In August, after a lapse of four years, Burton renewed acquaintance with Isabel Arundell, who one day met him, quite by accident, in the Botanical Gardens, and she kept meeting him there quite by accident every day for a fortnight. He had carried his life in his hand to Mecca and to Harar, he had kept at bay 200 Somalis, but like the man in Camoens, he finally fell by “a pair of eyes.”163 According to Lady Burton,164 it was Burton who made the actual proposal; and it is just possible.
“You won’t chalk up ‘Mother will be angry’ now I hope,” said Burton.
“Perhaps not,” replied Miss Arundell, “but she will be all the same.”
Mrs. Arundell, indeed, like so many other English mothers, was violently prejudiced against Burton. When her daughter broached the subject she replied fiercely: “He is not an old English Catholic, or even a Catholic, he has neither money nor prospects.” She might also have added that he was apt to respect mere men of intellect more than men of wealth and rank, an un-English trait which would be sure to militate against his advancement.

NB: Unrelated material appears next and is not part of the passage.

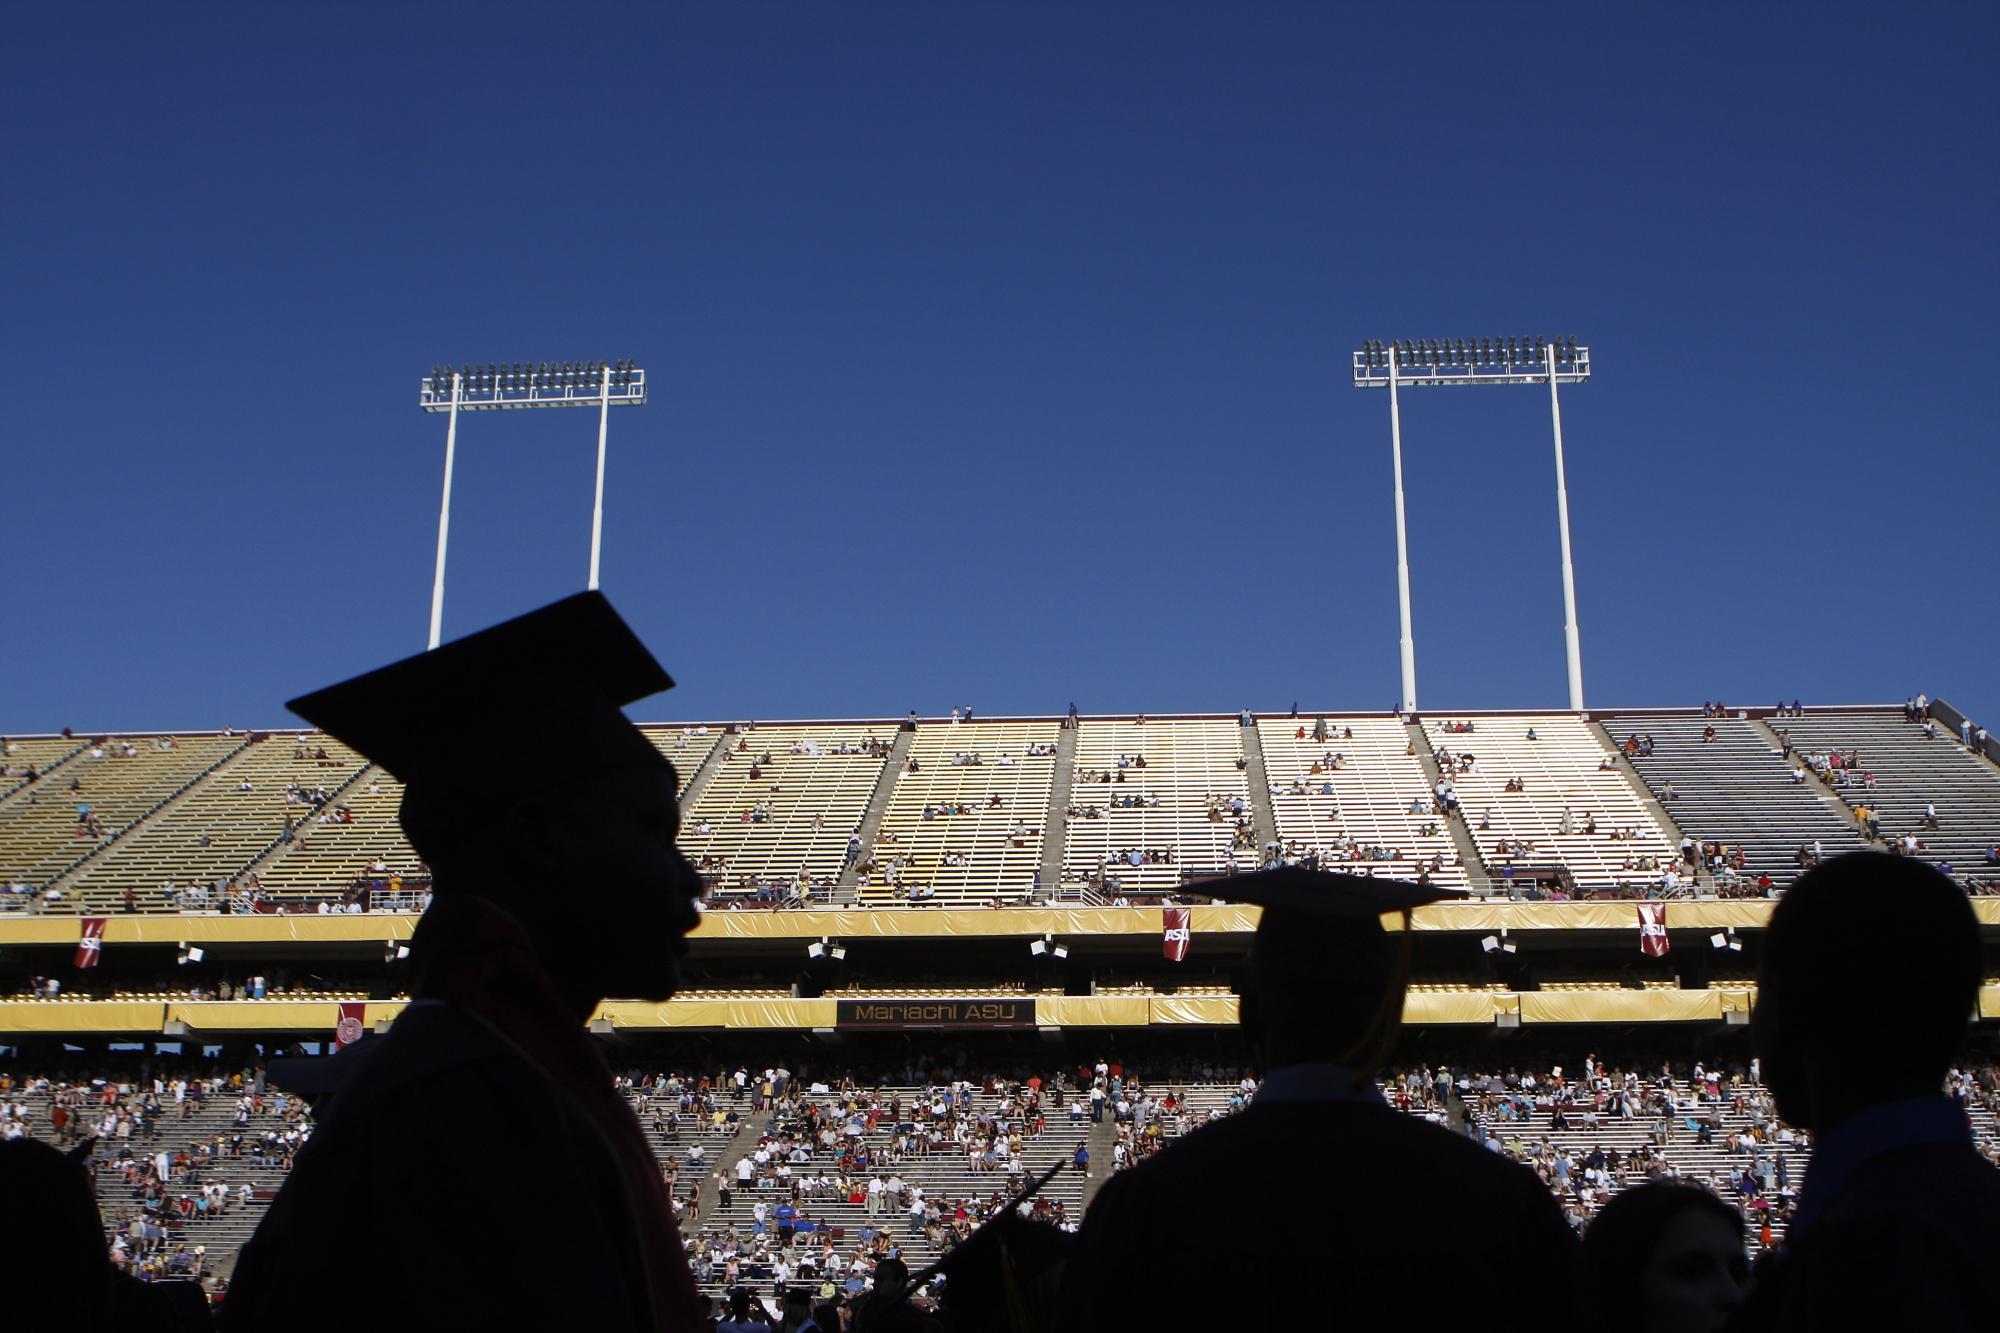 Canceling Student Debt Would Hurt Economy, NABE Survey Shows

Miss Arundell bravely defended her lover, but without effect. A few days later she again met her old gipsy crone Hagar Burton, who repeated her sibylline declaration. As Miss Arundell never, by any chance, talked about anything or anybody except Burton, and as she paid liberally for consulting the Fates, this declaration necessarily points to peculiar acumen on the part of the gipsy.
At one of their meetings Miss Arundell put round Burton’s neck a steel chain with a medal of the Virgin Mary and begged him to wear it all his life. Possessing a very accommodating temperament in matters that seemed to himself of no vital importance, he consented; so it joined the star-sapphire and other amulets, holy and unholy, which, for different purposes, he carried about the world.
That this medal had often acted as a preservative to Burton she was in after life thoroughly convinced.